1. Document Processing Pipeline
- a. Raw document ingestion
- b. OCR processing and text extraction
- c. Clean document generation
2. Embedding Generation
- a. Vector embeddings creation using DeepSearch
- b. Storage in PostgreSQL (with pgvector)
- c. Document indexing for retrieval
3. Structured Data Generation
- a. GeoJSON conversion using fine-tuned LLaMA
- b. Validation and error handling
- c. MongoDB storage of processed results

The system handles both PDF documents and spreadsheets through parallel processing paths, with robust error handling via Dead Letter Queues (DLQ) and continuous monitoring through heartbeat APIs.

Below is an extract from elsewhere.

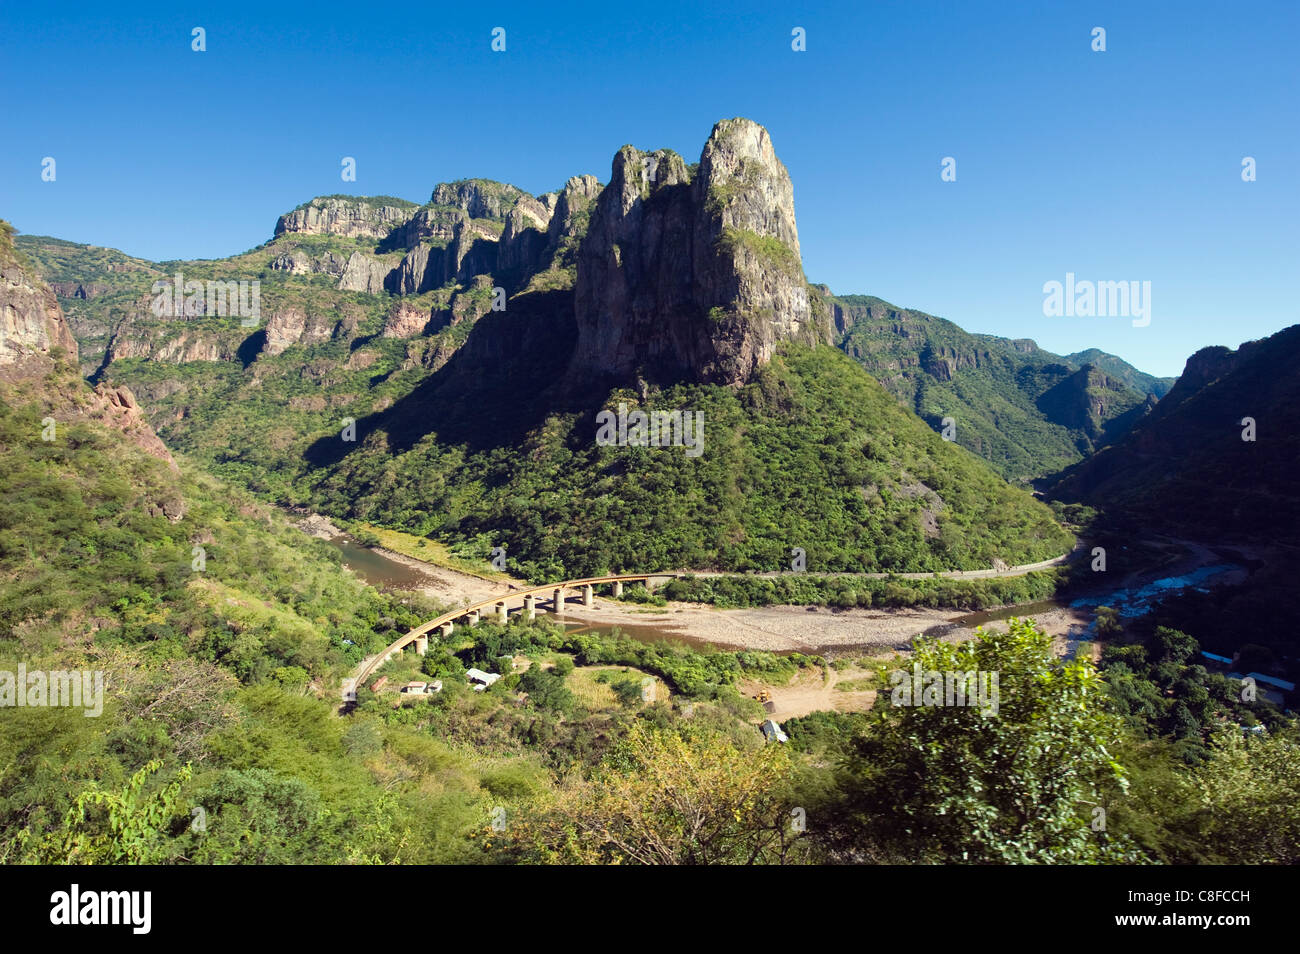 El Chepe Bahnreise durch Barranca del Cobre (Copper Canyon, Staat Chihuahua, Mexiko Stockbild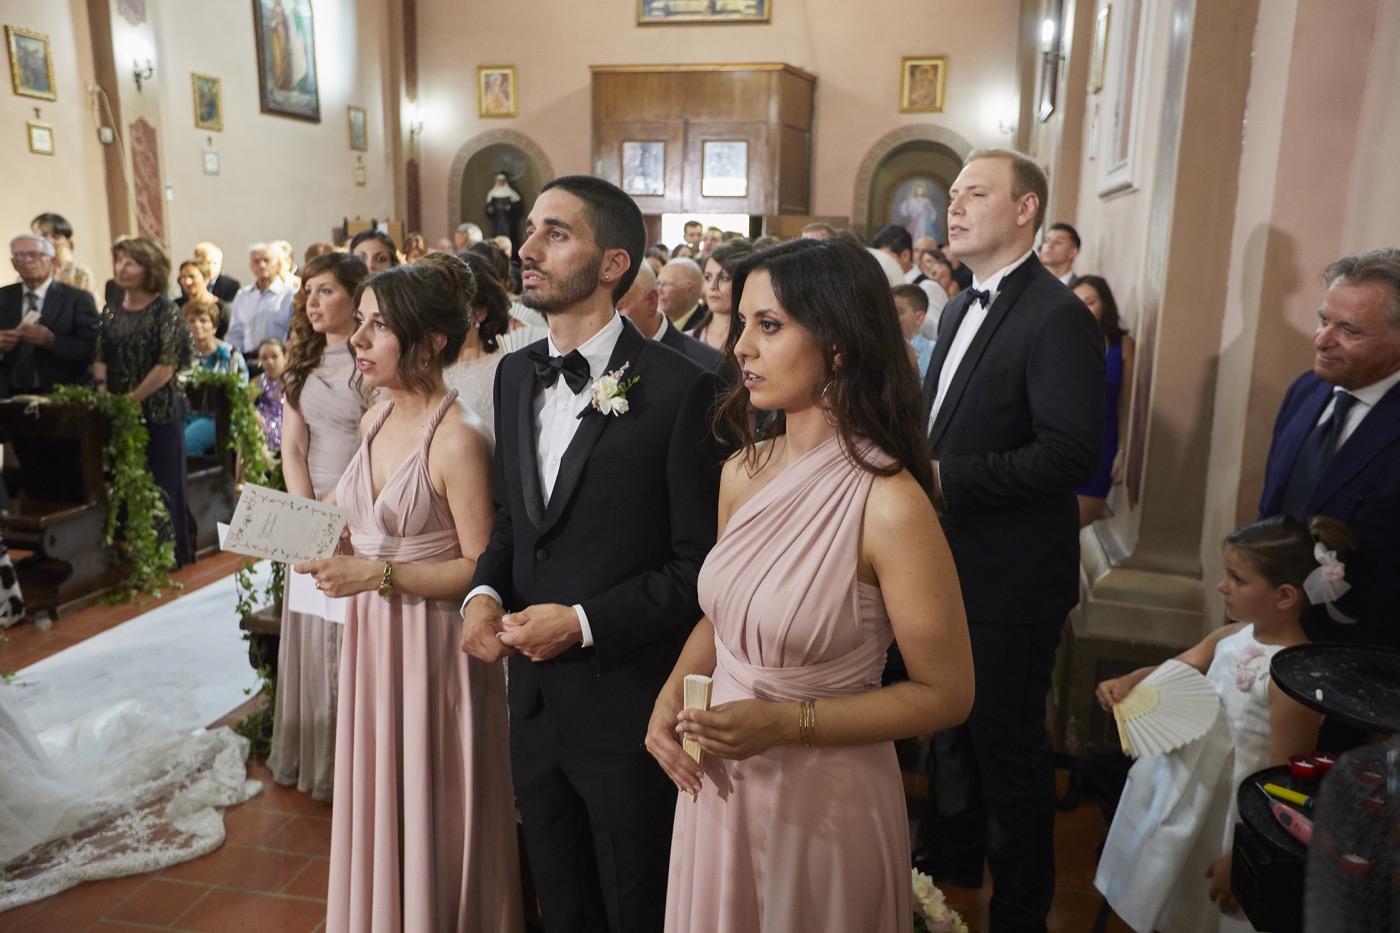 Claudio-Coppola-wedding-photographer-abbazia-7-frati-piegaro-44

Alongside the development of WQ-INFO, we started playing around with Anthropic's generalised LLM claude.ai to test how well it could extract location information from MoEFCC's mining documents. Below are some of our notes, challenges, and findings from the testing

We uploaded MoEFCC mining documents onto claude.ai and prompted it to extract 'location information', 'water pollution information', and 'pollution information' from the PDF documents. Giving it a public key from mapbox, we asked it to return an html code plotting the mines on a map of India

We further prompted Claude to 1. Create a tooltip for the basic information, water quality information, air quality information, groundwater levels, and land use around the mine; 2. Create a range for groundwater levels based on values across the uploaded PDFs and create a polygon on the map coloured with its respective value (from light blue to dark blue). While the polygons may not be fully accurate, Claude was able to estimate the values and land use types to an ~80% confidence level with minimal prompting (4-5 prompts).

WQ-INFO Prototype

1. Processed documents are uploaded and stored onto IBM Cloud. There are multiple documents per mine (entity) which can be identified through a unique identification (UID) (per entity) as predetermined by MoEFCC on their website
2. An API is generated by IBM to access these documents
3. The API can be called using any API-client. We used Bruno. The UID can be input into a new 'Parameter' field to extract the associated geojson output

Model Testing

We tested WQ-INFO for a measure of accuracy by manually going through each PDF file and noting down our expected answers for each property listed, to identify for how many documents WQ-INFO was able to accurately extract data for each of the properties.

In the first round of testing, we found that the generalised models (ChatGPT 3o, Claude 3.5, and NotebookLM (built with Gemini 2.0))are able to extract at least as much data as WQ-INFO. The biggest difference was in the generalised models' ability to extract latitude-longitude coordinates compared to WQ-INFO.